Josef Templ wrote:I cannot read this weird grammer notation.
According to Wikipedia it is a correct Utf-8 sequence
because the tail has the right number of bytes and all tail bytes have high bits 10.
If we will make it like wikipedia tells, there can be problems in future, because people will use this converter for various purposes.
The RFC 3629 is today de facto standart for UTF-8. There is links from Wiki on it also.
The unicode.orgwarning about our case and "prohibit encoding of certain invalid characters".
http://www.unicode.org/faq/utf_bom.html#utf8-1 wrote:A: UTF-8 is the byte-oriented encoding form of Unicode. For details of its definition, see Section 2.5, Encoding Forms and Section 3.9, Unicode Encoding Forms ” in The Unicode Standard. See, in particular, Table 3-6 UTF-8 Bit Distribution and Table 3-7 Well-formed UTF-8 Byte Sequences, which give succinct summaries of the encoding form. Make sure you refer to the latest version of the Unicode Standard, as the Unicode Technical Committee has tightened the definition of UTF-8 over time to more strictly enforce unique sequences and to prohibit encoding of certain invalid characters. There is an Internet RFC 3629 about UTF-8. UTF-8 is also defined in Annex D of ISO/IEC 10646. See also the question above, How do I write a UTF converter?
Ivan, instead of pointing us to a ton of heavy-weight documents,
please tell us what the problem is in simple words.
Currently I don't have the time to figure this out in detail.
I found the following specification for implementation of Utf8 to String converter:
None of the UTFs can generate every arbitrary byte sequence.
For example, in UTF-8 every byte of the form 110xxxxx2 must be followed with a byte of the form 10xxxxxx2.
A sequence such as <110xxxxx2 0xxxxxxx2> is illegal, and must never be generated.
When faced with this illegal byte sequence while transforming or interpreting,
a UTF-8 conformant process must treat the first byte 110xxxxx2 as an illegal termination error:
for example, either signaling an error, filtering the byte out,
or representing the byte with a marker such as FFFD (REPLACEMENT CHARACTER).
In the latter two cases, it will continue processing at the second byte 0xxxxxxx2.
Here is my solution which obeys the specification above:
Helmut, your version has a serious bug.
It may return truncation in case of a format error.
Also there is no decent recovery after a format error.
I tried to avoid the problem of recovery after a format error
by returning immediately.
Ivan, if your concern is about using 'invalid' 16-bit Unicodes, this can be ignored.
Component Pascal does not do any checks when converting a character code to a CHAR.
Why should the Utf8 converter be more strict than the Component Pascal language?

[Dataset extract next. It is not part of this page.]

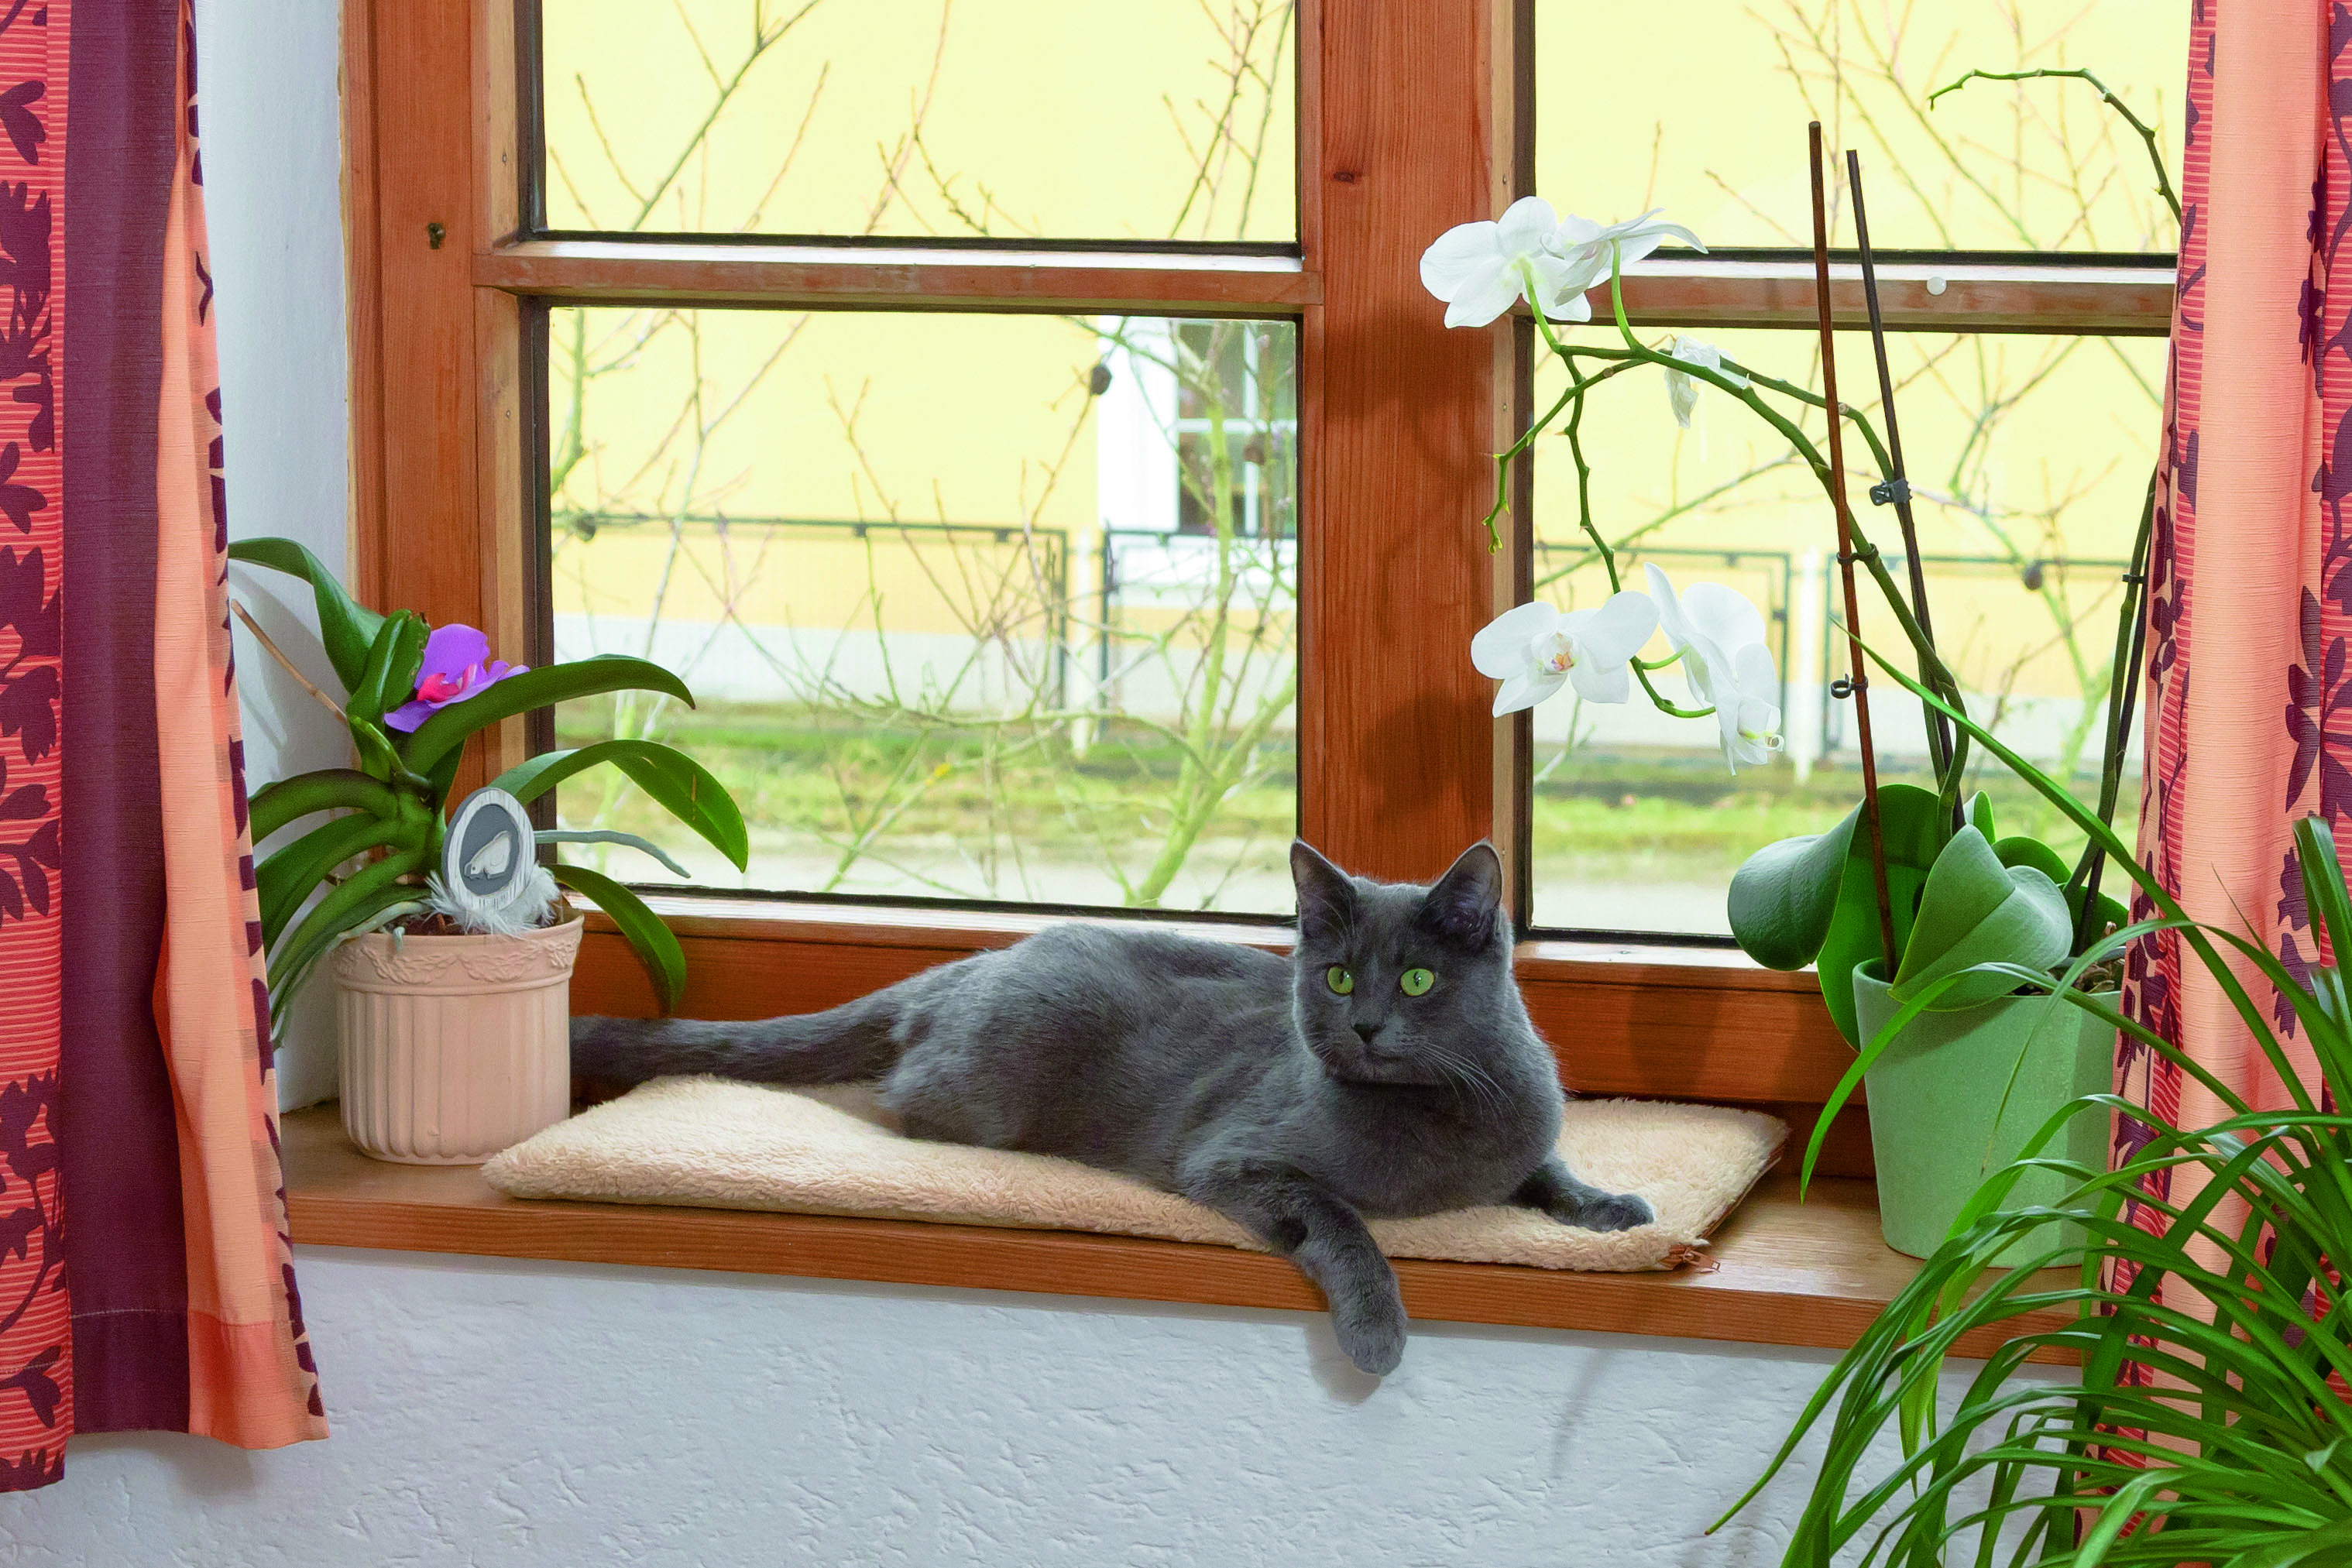 Kerbl Fensterliegekissen 60 x 26 x 2cm selbstwärmend Liege Kissen Fensterbank 2

I am convinced that it is enough for us to follow the definition in Wikipedia
and do a simple and efficient conversion for all 16-bit characters.
Note that the conversion is used heavily by the compiler. You don't want to
introduce meaningless checks there and slow down the compiler.
Helmut, your version has another drawback.
It optimizes the error detection instead of optimizing the successful cases.
Look at "ELSIF ch < 0C0X". In my version this is only executed if a 2-byte sequence is detected.
In your version this is always executed and thereby slows down the conversion of 3-byte sequences.
To summarize the current state, IMHO neither Ivan's nor your version is
an improvement over my version.
Josef Templ wrote:Component Pascal does not do any checks when converting a character code to a CHAR.
Why should the Utf8 converter be more strict than the Component Pascal language?
NO!! This converter exported, so it can be used not only for BlackBox inside work, but also in module Strings and for hundreds of other tasks. UTF-8 is everywhere. So we should think about this.
Ivan, please keep it simple. You are inventing problems that don't exist.
Our Utf-8 converters convert any 'Valid' Component-Pascal string into Utf-8 AND back.
In Component Pascal a string is valid if it is 0X terminated.
Since Component-Pascal does not restrict the character codes, why should the Utf-8 converter?
With your approach you end up for some strings in a legal StringToUtf8 conversion that
cannot be converted back by Utf8ToString. This is really strange
and the alternative is so obvious and so simple.
I decided to delete all error detection except buffer overflow (res = 1).
Because:
- Format errors inside identifier does not occur
- The procedure is much faster
- The procedure is easier to understand
Back to the root is the best solution.